What you will do — For the entries below, repeat exactly each line starting with the one that contains "Pictures of tree" and going on through the one that contains "infographic on the", and no others.

Given data —

▽

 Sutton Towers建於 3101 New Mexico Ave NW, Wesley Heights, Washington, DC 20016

△
▽

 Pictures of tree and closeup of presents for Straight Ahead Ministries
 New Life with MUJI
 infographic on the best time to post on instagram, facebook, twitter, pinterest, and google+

△
▽

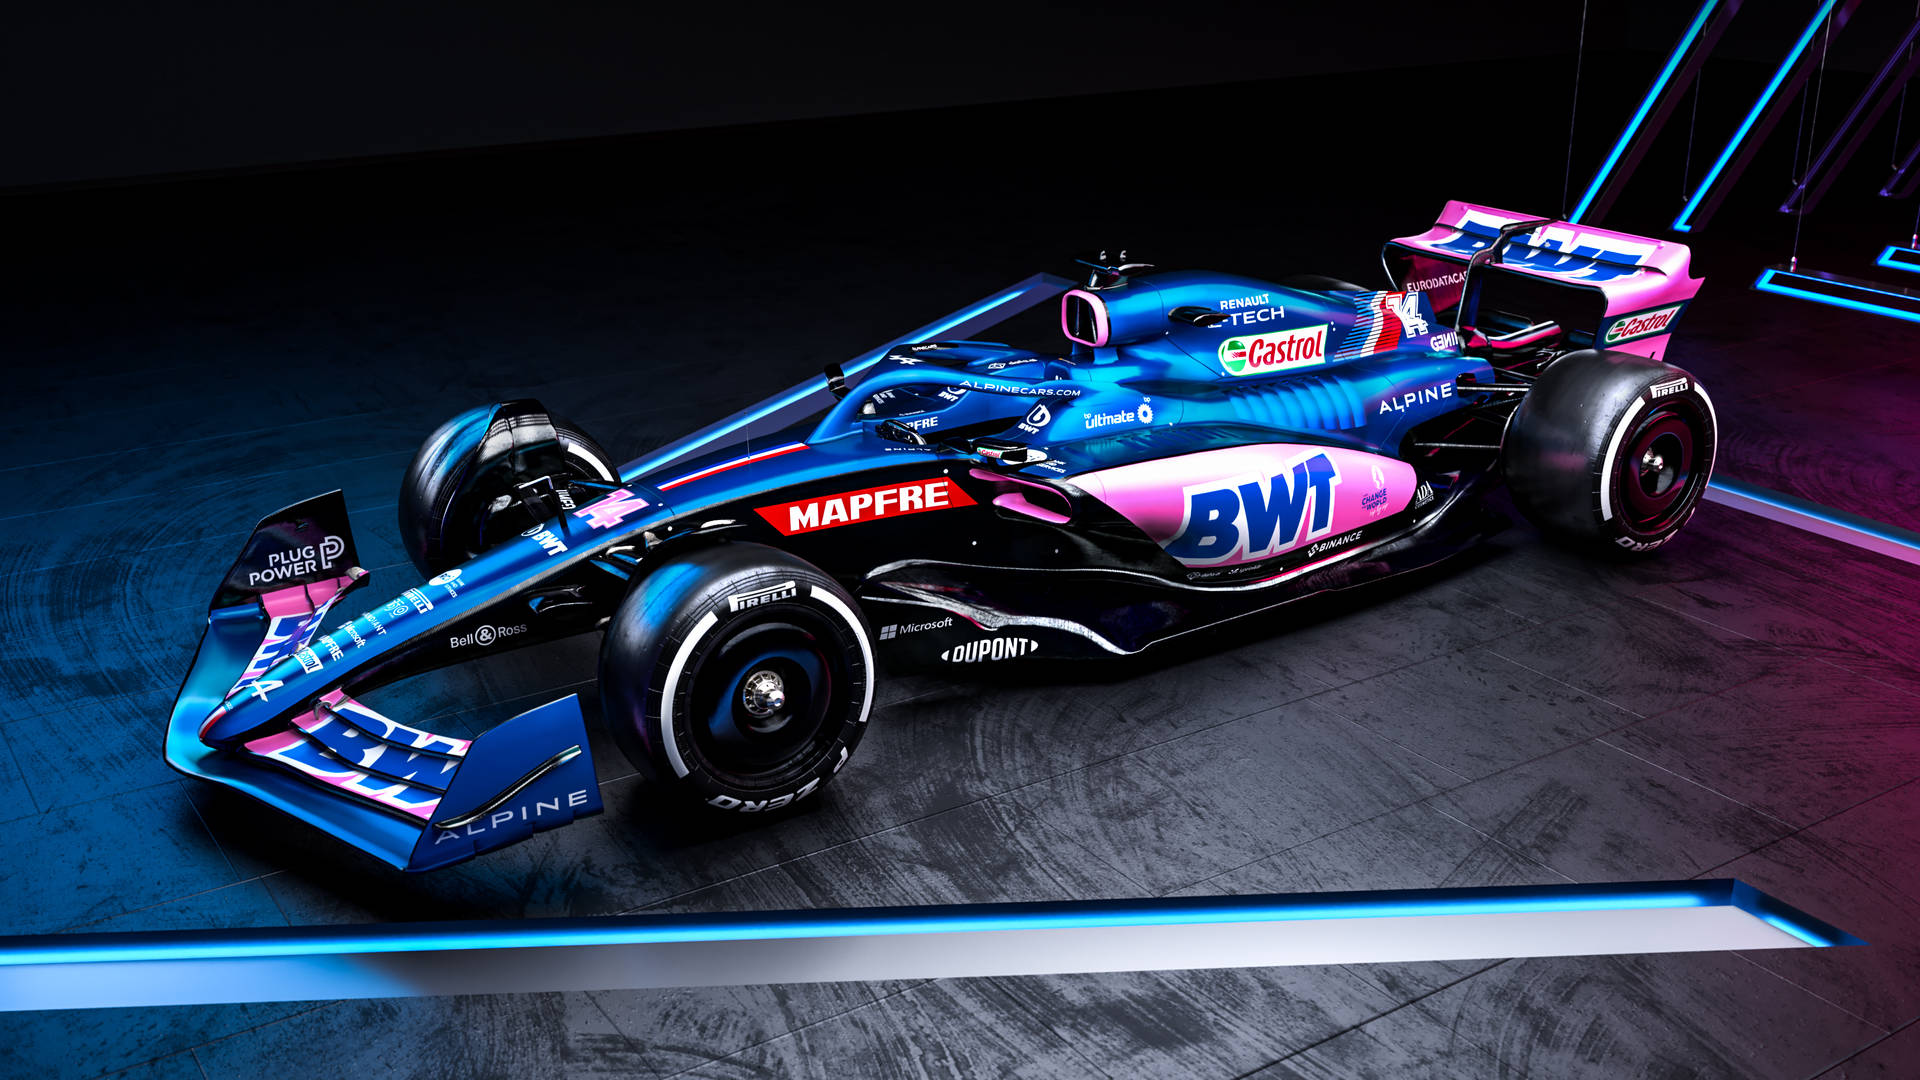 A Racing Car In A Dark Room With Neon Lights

△

Response to the exercise —
 Pictures of tree and closeup of presents for Straight Ahead Ministries
 New Life with MUJI
 infographic on the best time to post on instagram, facebook, twitter, pinterest, and google+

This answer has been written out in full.